48      In dit verband voert Ryanair met een eerste grief in wezen aan dat het Gerecht – door met name in punt 40 van het bestreden arrest te verklaren dat het criterium van het bezit van een vergunning die is afgegeven door de lidstaat die de steun verleent, het mogelijk maakte om te controleren hoe de begunstigden de steun gebruiken – een rechtvaardiging heeft aangevoerd die niet voorkwam in het litigieuze besluit, zodat het zijn eigen motivering in de plaats heeft gesteld van de motivering die de Commissie heeft verstrekt ter ondersteuning van dat besluit.

49      Hoewel uit de rechtspraak van het Hof blijkt dat in het kader van de rechtmatigheidstoetsing krachtens artikel 263 VWEU het Hof en het Gerecht in geen geval hun eigen motivering in de plaats mogen stellen van die van de instelling die de bestreden handeling heeft vastgesteld (zie in die zin arrest van 6 oktober 2021, World Duty Free Group en Spanje/Commissie, C‑51/19 P en C‑64/19 P, EU:C:2021:793, punt 70 en aldaar aangehaalde rechtspraak), zij erop gewezen dat de Commissie in overweging 43 van het litigieuze besluit vermeldt dat luchtvaartmaatschappijen met een Zweedse vergunning hun hoofdvestiging in Zweden hebben en aldaar onderworpen zijn aan regelmatig toezicht op hun financiële situatie, zodat het Gerecht er in punt 40 van het bestreden arrest mee heeft volstaan te antwoorden op het in punt 38 van dat arrest vermelde betoog van rekwirante, de motivering van het litigieuze besluit toe te lichten en meer in het bijzonder bepaalde aanwijzingen af te leiden uit de daarin opgenomen informatie, zonder dat het evenwel de motivering van dat besluit heeft vervangen.

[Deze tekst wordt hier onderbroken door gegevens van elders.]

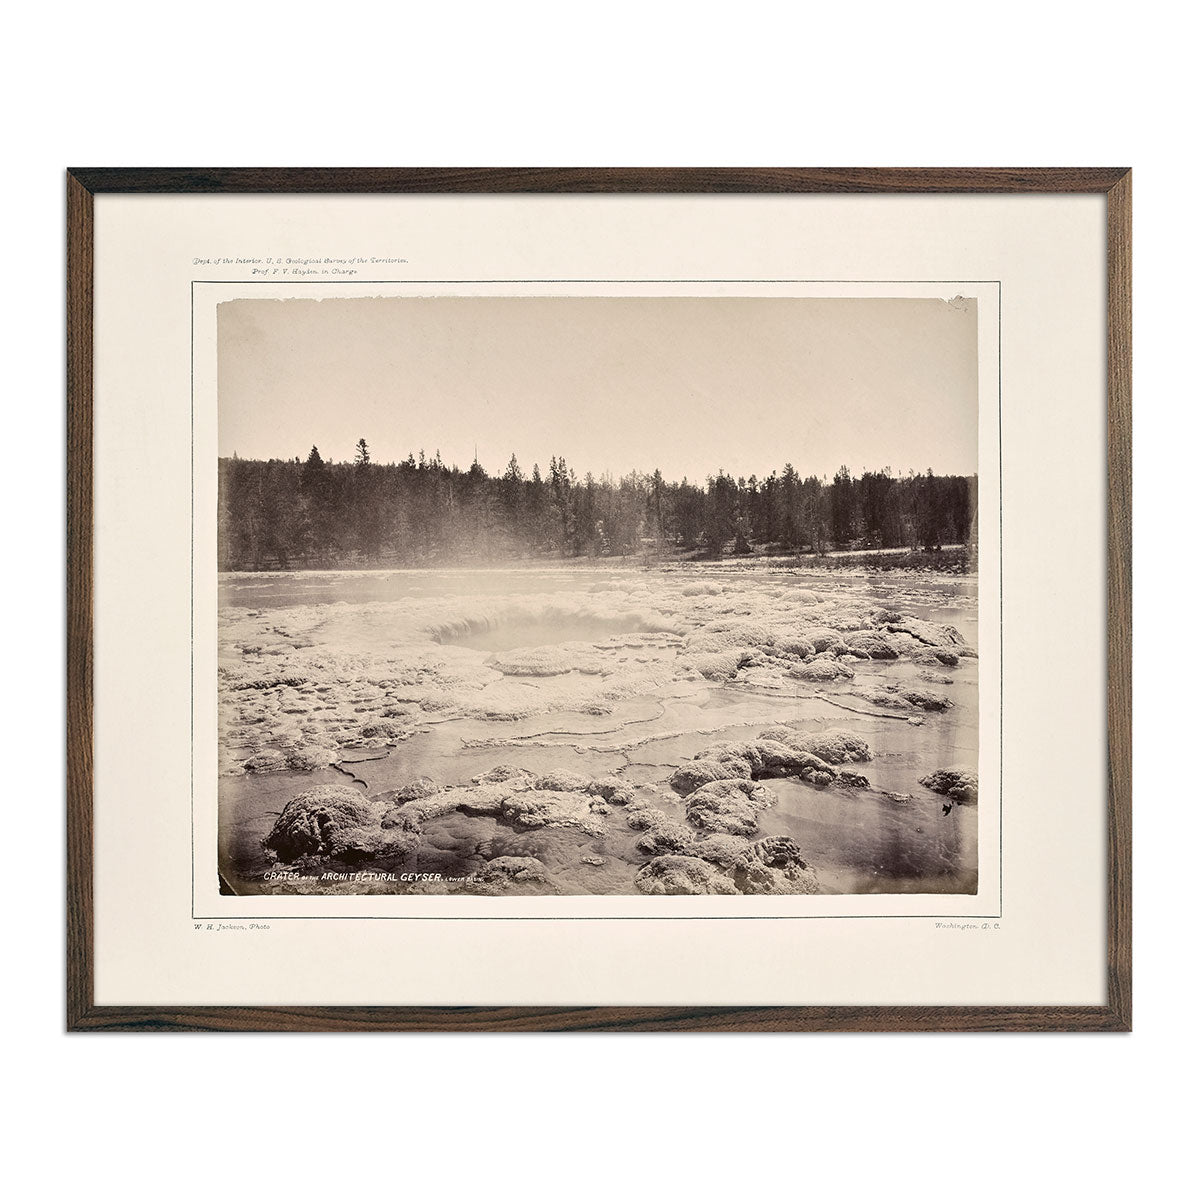 Photograph of Crater of the Architectural Geyser, Lower Basin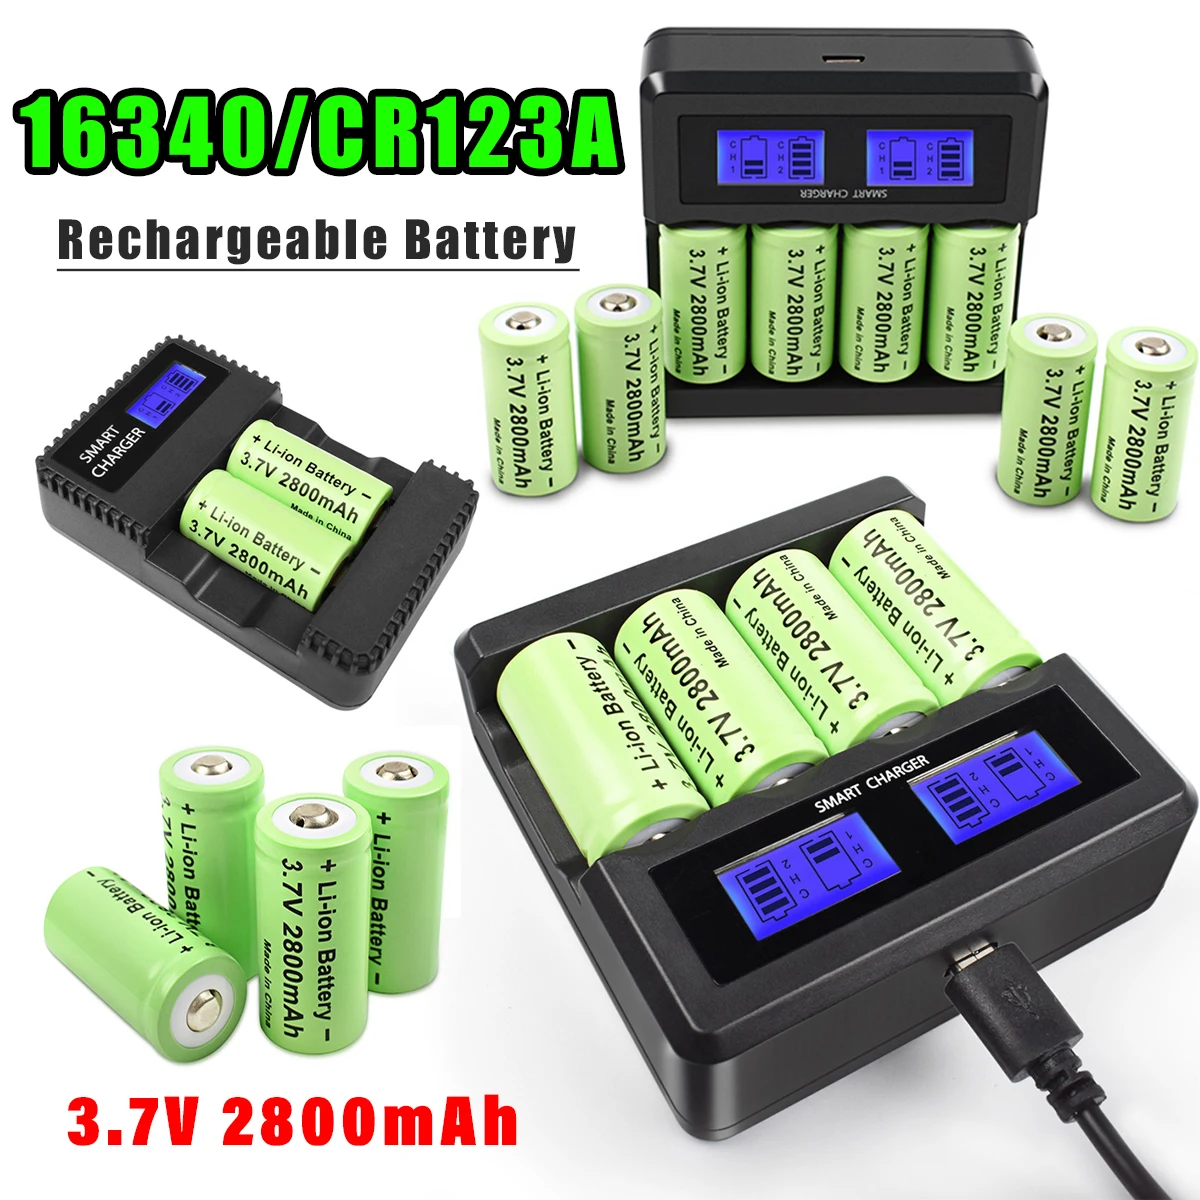 

Powtree 16P 2800mAh Rechargeable 3.7V Li-ion 16340 Batteries CR123A RCR 123 ICR Battery for LED Flashlight Travel Wall Charger

50      Wat betreft de tweede grief die wordt aangevoerd in het derde onderdeel van het eerste middel, dient te worden geconstateerd dat het Gerecht, op basis van de uiteenzetting in de punten 40 tot en met 42 van het bestreden arrest, ten eerste in punt 43 van dat arrest heeft geoordeeld dat het Koninkrijk Zweden – door het voordeel van de steunregeling in kwestie te beperken tot luchtvaartmaatschappijen die een Zweedse vergunning hebben en die dus hun hoofdvestiging in Zweden hebben – in wezen op rechtmatige wijze heeft getracht om zich ervan te vergewissen dat er een duurzame band bestond tussen Zweden en de luchtvaartmaatschappijen die de door het Koninkrijk Zweden verstrekte garantie genieten, en ten tweede in punt 44 van dat arrest heeft geoordeeld dat het steunverleningscriterium van het beschikken over een Zweedse vergunning bijgevolg geschikt was om het doel – te weten de opheffing van de ernstige verstoring in de Zweedse economie – te bereiken.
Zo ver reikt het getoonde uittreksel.